■ **Work item**
Print nothing except the lines of the listing below from the line with "Une jeune femme blonde" to the line with "relationship matching tattoos", each exactly as written, both ends included.

■ **Records to process**
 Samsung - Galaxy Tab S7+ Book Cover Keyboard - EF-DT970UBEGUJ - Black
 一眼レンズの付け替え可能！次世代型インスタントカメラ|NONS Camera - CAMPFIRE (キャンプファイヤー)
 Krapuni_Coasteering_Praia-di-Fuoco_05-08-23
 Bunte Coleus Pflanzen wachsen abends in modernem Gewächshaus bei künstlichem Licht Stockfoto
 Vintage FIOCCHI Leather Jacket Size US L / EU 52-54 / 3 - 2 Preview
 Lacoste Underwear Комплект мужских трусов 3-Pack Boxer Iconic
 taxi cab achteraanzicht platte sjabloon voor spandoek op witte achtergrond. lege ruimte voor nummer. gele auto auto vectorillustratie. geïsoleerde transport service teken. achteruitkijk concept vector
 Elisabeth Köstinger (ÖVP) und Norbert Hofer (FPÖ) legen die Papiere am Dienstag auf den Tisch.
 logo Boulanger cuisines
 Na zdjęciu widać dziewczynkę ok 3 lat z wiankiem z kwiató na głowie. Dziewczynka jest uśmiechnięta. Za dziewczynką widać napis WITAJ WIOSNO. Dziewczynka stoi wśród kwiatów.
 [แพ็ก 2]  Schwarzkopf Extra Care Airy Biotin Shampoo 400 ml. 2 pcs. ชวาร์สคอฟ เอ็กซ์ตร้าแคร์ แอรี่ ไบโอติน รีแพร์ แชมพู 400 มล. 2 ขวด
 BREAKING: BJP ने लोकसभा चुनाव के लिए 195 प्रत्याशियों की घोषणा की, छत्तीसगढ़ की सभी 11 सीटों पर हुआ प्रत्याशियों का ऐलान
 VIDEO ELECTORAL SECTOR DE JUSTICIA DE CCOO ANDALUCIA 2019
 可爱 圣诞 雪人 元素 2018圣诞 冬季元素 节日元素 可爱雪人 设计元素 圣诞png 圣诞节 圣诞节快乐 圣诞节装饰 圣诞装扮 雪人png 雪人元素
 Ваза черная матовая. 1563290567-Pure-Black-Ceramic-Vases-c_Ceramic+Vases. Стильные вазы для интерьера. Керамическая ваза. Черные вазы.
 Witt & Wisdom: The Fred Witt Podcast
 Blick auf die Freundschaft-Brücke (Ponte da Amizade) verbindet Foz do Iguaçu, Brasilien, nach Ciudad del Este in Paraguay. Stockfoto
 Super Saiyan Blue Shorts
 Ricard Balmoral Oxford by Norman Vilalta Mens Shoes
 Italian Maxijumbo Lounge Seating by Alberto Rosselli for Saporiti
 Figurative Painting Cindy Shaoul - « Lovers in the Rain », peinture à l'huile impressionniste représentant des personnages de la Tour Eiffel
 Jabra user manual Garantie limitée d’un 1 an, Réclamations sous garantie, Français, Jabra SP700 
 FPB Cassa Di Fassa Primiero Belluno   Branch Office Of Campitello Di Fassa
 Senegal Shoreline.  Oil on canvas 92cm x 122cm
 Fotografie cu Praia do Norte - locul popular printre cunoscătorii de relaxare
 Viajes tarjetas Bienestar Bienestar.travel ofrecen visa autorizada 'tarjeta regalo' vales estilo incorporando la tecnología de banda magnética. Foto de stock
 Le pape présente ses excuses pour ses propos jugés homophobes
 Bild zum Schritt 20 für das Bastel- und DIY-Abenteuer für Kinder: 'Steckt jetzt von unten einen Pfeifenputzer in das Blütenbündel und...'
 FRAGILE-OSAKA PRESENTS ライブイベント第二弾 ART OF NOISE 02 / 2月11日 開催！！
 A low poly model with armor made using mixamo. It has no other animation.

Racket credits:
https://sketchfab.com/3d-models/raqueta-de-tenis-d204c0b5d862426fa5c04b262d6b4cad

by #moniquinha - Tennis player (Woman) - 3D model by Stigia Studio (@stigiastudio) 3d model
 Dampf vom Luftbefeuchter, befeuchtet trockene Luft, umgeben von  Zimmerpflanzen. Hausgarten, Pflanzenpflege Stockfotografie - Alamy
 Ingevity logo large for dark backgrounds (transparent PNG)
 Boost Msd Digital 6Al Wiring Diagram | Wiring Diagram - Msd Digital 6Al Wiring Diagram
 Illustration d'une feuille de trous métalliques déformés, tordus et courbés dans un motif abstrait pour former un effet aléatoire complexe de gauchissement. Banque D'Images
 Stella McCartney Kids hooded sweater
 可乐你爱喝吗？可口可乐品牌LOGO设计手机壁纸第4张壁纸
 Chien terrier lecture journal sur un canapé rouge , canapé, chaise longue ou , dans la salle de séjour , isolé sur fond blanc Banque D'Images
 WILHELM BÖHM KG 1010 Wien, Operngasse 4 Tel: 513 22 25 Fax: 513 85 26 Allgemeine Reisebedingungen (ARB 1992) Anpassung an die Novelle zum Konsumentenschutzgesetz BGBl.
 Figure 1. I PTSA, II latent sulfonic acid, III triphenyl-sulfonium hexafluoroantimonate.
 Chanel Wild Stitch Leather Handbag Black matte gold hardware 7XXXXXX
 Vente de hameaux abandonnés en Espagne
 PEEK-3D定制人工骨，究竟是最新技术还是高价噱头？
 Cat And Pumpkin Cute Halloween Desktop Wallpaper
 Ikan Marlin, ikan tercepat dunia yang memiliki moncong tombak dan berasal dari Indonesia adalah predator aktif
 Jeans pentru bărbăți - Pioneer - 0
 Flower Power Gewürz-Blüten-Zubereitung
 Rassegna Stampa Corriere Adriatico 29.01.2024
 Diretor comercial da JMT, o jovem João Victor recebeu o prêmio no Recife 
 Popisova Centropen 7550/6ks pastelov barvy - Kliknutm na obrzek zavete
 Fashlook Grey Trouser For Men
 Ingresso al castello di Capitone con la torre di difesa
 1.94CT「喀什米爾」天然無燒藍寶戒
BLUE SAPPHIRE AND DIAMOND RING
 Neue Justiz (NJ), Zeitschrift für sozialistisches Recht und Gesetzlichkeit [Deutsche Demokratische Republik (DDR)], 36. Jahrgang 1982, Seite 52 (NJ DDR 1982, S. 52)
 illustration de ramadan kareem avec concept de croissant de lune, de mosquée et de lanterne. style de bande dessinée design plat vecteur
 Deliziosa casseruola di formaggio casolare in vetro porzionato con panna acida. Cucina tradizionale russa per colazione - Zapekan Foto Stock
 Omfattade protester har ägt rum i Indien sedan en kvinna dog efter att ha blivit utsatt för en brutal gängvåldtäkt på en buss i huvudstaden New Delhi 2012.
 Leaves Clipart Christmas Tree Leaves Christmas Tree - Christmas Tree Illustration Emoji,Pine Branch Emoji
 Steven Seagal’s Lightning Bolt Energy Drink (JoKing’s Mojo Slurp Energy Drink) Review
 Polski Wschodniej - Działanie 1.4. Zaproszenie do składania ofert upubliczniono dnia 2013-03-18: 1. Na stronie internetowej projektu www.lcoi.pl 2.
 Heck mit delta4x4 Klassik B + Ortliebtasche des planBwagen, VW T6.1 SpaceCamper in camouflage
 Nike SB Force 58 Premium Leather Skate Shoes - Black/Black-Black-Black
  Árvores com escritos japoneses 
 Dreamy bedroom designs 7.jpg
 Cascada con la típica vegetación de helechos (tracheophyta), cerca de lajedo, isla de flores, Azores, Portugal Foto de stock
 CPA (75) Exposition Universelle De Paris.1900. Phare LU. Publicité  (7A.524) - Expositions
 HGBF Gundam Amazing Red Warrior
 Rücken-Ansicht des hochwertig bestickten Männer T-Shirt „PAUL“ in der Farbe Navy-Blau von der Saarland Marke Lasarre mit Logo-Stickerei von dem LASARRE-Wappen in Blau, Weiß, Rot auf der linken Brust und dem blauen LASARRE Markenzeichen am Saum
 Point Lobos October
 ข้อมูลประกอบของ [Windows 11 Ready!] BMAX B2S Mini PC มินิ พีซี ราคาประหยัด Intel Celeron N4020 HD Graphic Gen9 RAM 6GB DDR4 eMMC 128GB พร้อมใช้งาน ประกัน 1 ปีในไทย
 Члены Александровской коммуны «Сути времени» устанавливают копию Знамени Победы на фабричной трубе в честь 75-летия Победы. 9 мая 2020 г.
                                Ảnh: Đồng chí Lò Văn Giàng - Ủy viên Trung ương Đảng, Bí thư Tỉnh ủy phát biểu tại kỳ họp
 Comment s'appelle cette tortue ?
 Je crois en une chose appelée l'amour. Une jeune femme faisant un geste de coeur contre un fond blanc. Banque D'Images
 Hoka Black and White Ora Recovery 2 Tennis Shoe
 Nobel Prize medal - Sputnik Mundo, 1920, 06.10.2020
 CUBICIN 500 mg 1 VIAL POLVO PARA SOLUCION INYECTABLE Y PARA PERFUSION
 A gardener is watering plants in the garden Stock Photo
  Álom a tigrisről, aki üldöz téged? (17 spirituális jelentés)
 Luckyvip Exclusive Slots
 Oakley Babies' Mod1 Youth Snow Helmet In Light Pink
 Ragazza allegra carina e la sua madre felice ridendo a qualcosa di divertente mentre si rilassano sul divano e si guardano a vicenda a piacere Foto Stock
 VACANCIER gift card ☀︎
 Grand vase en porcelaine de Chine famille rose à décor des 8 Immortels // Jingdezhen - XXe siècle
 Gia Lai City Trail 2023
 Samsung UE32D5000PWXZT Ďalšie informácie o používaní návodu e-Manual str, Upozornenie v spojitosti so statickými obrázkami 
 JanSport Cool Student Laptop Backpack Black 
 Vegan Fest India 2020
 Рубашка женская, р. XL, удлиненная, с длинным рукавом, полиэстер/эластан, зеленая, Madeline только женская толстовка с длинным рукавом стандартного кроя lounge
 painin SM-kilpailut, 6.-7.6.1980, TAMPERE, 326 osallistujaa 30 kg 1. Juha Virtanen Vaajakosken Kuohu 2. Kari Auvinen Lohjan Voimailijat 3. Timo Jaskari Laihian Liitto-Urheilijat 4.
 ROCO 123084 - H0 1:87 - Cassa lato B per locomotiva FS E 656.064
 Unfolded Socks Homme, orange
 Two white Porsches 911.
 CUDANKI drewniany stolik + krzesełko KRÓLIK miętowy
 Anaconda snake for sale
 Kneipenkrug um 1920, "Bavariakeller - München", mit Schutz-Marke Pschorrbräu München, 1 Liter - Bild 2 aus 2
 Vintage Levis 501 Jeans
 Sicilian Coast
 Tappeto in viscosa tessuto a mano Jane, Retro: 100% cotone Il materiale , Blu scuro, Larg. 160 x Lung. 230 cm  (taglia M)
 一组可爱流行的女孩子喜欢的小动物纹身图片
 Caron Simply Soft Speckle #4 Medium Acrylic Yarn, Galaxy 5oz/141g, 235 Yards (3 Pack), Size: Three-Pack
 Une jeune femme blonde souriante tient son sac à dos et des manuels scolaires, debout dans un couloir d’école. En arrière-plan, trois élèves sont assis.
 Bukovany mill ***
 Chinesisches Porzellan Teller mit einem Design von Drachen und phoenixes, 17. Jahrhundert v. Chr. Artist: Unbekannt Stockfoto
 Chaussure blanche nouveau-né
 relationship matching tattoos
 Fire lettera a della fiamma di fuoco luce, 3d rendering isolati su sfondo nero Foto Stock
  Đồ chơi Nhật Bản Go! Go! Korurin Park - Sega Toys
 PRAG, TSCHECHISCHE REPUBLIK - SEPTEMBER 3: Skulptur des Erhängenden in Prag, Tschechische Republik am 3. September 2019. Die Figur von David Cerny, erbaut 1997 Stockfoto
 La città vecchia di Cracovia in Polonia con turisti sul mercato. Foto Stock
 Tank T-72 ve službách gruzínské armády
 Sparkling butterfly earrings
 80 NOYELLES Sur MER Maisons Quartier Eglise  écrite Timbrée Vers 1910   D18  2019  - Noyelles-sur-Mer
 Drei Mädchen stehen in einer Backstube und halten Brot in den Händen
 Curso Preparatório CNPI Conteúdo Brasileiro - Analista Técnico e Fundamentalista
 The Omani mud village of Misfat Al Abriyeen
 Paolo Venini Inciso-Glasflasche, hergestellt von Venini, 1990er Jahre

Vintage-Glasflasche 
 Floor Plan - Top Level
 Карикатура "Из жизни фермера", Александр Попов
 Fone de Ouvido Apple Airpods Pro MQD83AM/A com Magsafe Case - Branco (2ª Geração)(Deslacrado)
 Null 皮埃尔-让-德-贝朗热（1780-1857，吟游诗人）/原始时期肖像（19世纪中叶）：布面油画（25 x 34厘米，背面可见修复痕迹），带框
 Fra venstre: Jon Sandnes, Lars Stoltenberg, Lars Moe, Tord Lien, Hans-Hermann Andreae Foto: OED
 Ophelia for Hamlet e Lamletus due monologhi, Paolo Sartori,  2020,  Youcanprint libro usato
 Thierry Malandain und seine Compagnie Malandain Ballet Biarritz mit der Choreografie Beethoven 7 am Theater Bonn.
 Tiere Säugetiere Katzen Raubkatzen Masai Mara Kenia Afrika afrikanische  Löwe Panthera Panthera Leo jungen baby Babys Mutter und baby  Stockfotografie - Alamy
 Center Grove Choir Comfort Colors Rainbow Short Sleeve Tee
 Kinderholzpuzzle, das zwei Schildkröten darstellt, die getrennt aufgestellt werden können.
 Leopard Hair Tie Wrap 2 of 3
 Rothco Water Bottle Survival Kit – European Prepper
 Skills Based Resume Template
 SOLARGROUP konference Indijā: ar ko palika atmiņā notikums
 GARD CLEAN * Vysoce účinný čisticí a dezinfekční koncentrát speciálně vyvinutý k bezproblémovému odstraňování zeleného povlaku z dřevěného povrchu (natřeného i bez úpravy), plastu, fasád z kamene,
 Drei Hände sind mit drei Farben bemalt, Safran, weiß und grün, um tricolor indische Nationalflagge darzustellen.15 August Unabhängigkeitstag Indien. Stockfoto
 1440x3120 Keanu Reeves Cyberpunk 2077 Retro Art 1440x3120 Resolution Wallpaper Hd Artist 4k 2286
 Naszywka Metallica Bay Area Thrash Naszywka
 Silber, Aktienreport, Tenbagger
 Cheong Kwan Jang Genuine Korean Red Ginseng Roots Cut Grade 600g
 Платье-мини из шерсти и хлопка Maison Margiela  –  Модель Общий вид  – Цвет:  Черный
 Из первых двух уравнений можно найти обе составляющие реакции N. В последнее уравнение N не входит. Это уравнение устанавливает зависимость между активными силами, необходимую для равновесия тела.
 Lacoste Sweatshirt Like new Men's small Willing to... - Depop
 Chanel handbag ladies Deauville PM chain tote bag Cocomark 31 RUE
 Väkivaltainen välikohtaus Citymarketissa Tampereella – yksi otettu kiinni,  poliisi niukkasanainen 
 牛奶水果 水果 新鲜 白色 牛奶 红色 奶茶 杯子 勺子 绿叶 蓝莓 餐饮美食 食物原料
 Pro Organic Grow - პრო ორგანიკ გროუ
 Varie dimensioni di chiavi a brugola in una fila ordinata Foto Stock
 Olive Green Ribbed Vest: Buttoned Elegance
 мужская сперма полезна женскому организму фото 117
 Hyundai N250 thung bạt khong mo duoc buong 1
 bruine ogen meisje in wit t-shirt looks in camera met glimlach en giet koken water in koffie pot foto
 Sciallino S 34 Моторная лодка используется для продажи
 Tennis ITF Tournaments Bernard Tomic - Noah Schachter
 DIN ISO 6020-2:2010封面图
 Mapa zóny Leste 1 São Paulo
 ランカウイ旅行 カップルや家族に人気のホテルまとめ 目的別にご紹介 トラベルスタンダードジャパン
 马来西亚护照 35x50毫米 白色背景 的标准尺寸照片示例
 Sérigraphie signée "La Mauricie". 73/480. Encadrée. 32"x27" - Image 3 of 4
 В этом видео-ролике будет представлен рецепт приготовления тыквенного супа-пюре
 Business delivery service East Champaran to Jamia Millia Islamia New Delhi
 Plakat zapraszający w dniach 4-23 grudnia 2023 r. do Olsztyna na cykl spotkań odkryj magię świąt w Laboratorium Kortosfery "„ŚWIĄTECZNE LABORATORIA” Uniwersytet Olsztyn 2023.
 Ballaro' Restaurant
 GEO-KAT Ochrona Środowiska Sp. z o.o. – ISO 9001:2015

■ **Finished task**
 Une jeune femme blonde souriante tient son sac à dos et des manuels scolaires, debout dans un couloir d’école. En arrière-plan, trois élèves sont assis.
 Bukovany mill ***
 Chinesisches Porzellan Teller mit einem Design von Drachen und phoenixes, 17. Jahrhundert v. Chr. Artist: Unbekannt Stockfoto
 Chaussure blanche nouveau-né
 relationship matching tattoos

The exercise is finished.